5.2 Rights of Members to Capital.
No Member shall be entitled to interest on any capital contributed to the Company through such Member’s purchase of Units, nor shall any Member be entitled to the return of any capital of the Company except (i) upon the repurchase by the Company of a part or all of such Member's Units pursuant to Section 4.5 hereof, or (ii) upon the liquidation of the Company's assets pursuant to Section 7.2 hereof. No Member shall be liable for the return of any such amounts. No Member shall have the right to require partition of the Company's property or to compel any sale or appraisal of the Company's assets.
5.3 [Removed and Reserved].
5.4 [Removed and Reserved].
5.5 [Removed and Reserved].
5.6 [Removed and Reserved].
5.7 [Removed and Reserved].
5.8 [Removed and Reserved].
5.9 Withholding.
(a) The Board of Managers may withhold and pay over to the Internal Revenue Service (or any other relevant taxing authority) taxes from any distribution to any Member to the extent required by the Code or any other applicable law.
(b) For purposes of this Agreement, any taxes so withheld by the Company with respect to any amount distributed by the Company to any Member shall be deemed to be a distribution or payment to such Member, reducing the amount otherwise distributable to such Member pursuant to this Agreement.

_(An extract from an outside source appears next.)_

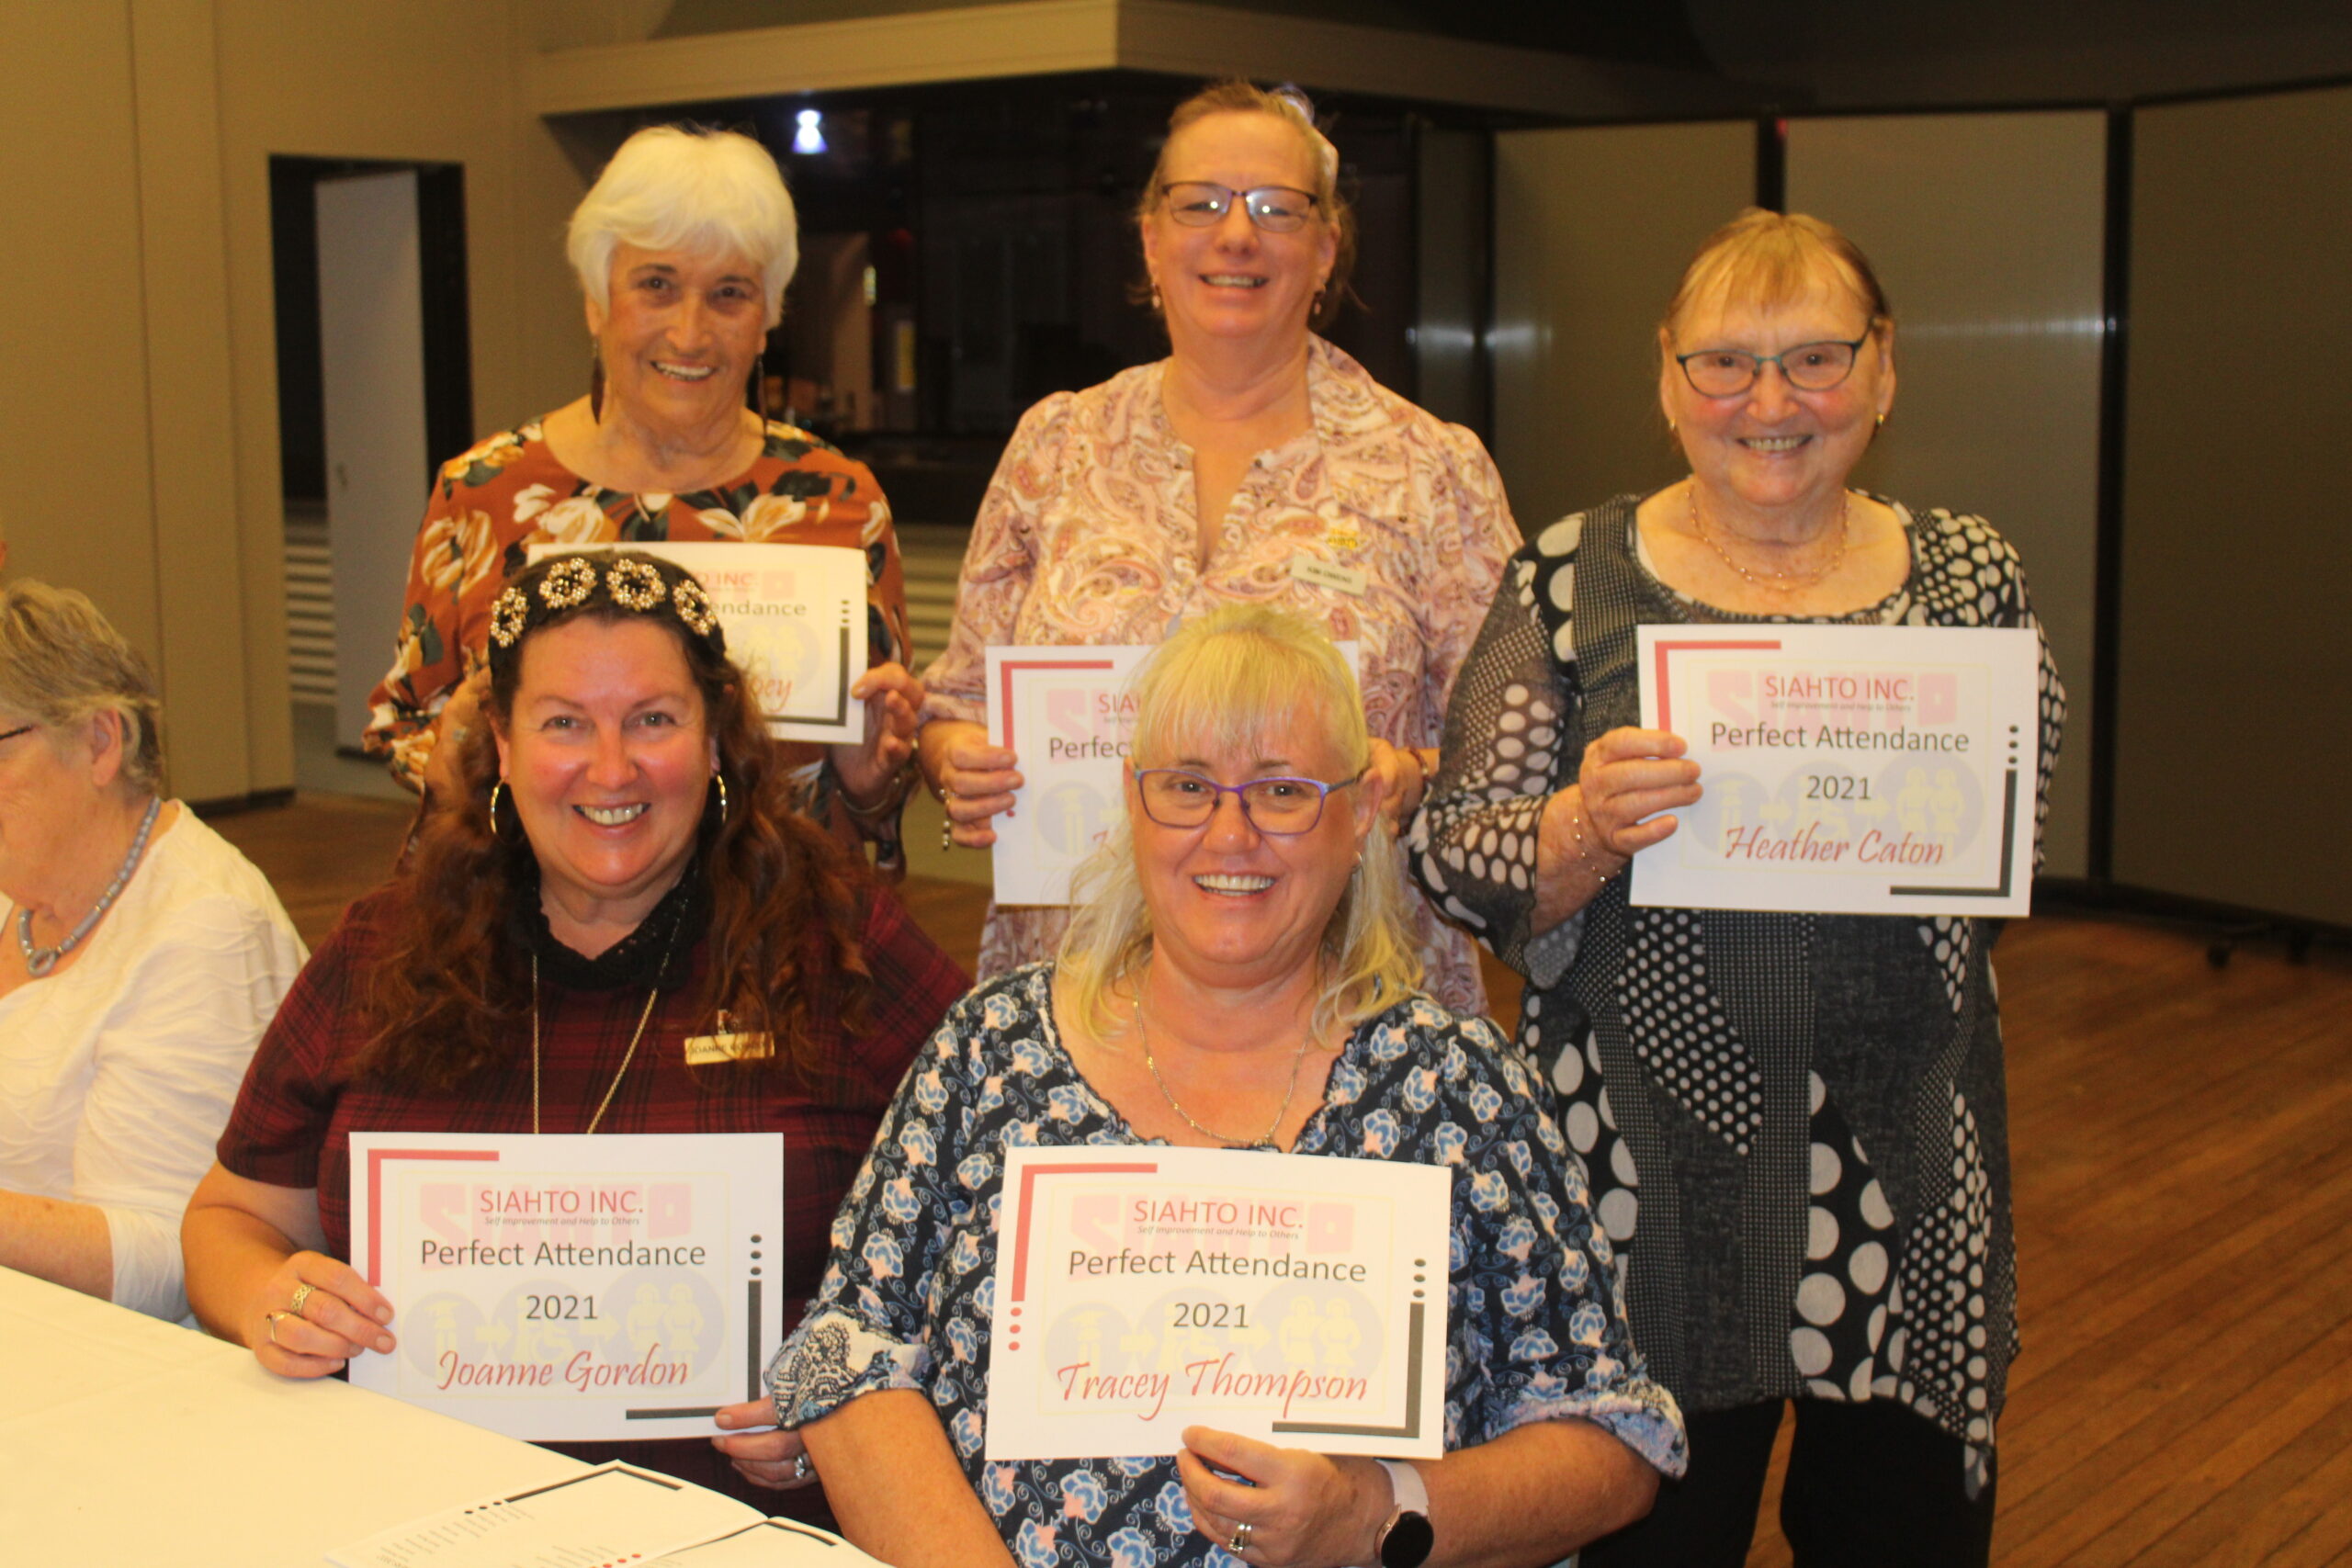 2021 SIAHTO Perfect Attendance awardEEs: Back, Olwyn Campey, Kim Owens, Heather Caton, front, Joanne Gordon and Tracey Thompson.
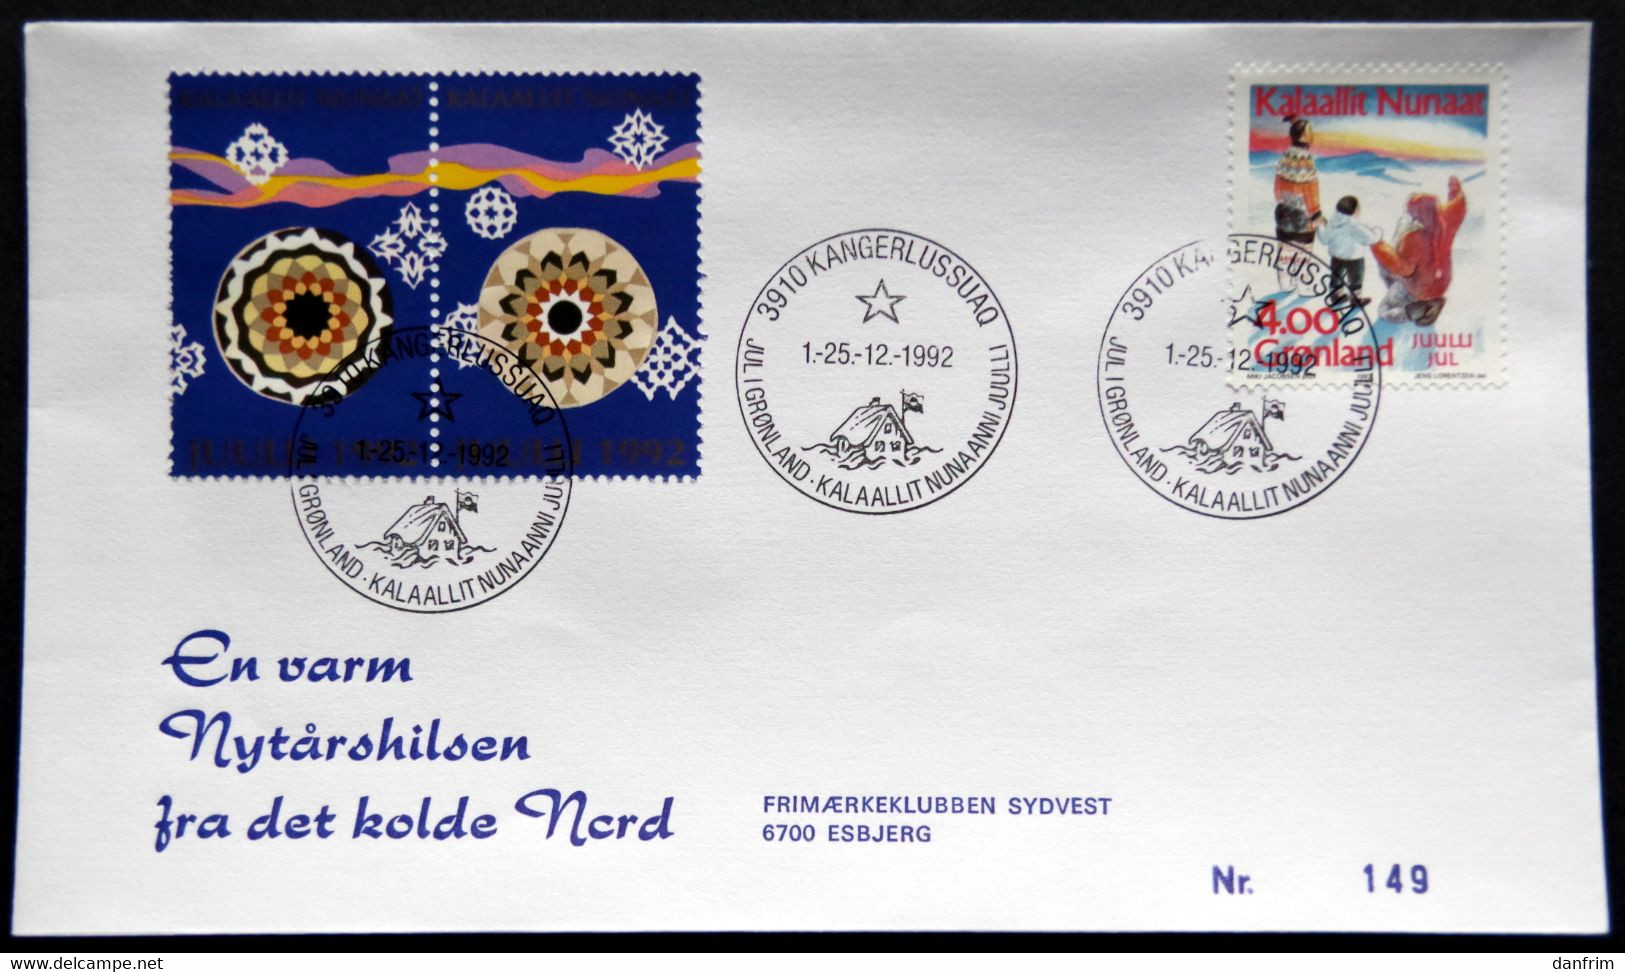 Greenland 1992 Cover  Minr.229  KANGERLUSSUA   (lot  806 ) - Covers & Documents

(c) The Board of Managers shall not be obligated to apply for or obtain a reduction of or exemption from withholding tax on behalf of any Member that may be eligible for such reduction or exemption. To the extent that a Member claims to be entitled to a reduced rate of, or exemption from, a withholding tax pursuant to an applicable income tax treaty, or otherwise, the Member shall furnish the Board of Managers with such information and forms as such Member may be required to complete where necessary to comply with any and all laws and regulations governing the obligations of withholding tax agents. Each Member represents and warrants that any such information and forms furnished by such Member shall be true and accurate and agrees to indemnify the Company and each of the Members from any and all damages, costs and expenses resulting from the filing of inaccurate or incomplete information or forms relating to such withholding taxes.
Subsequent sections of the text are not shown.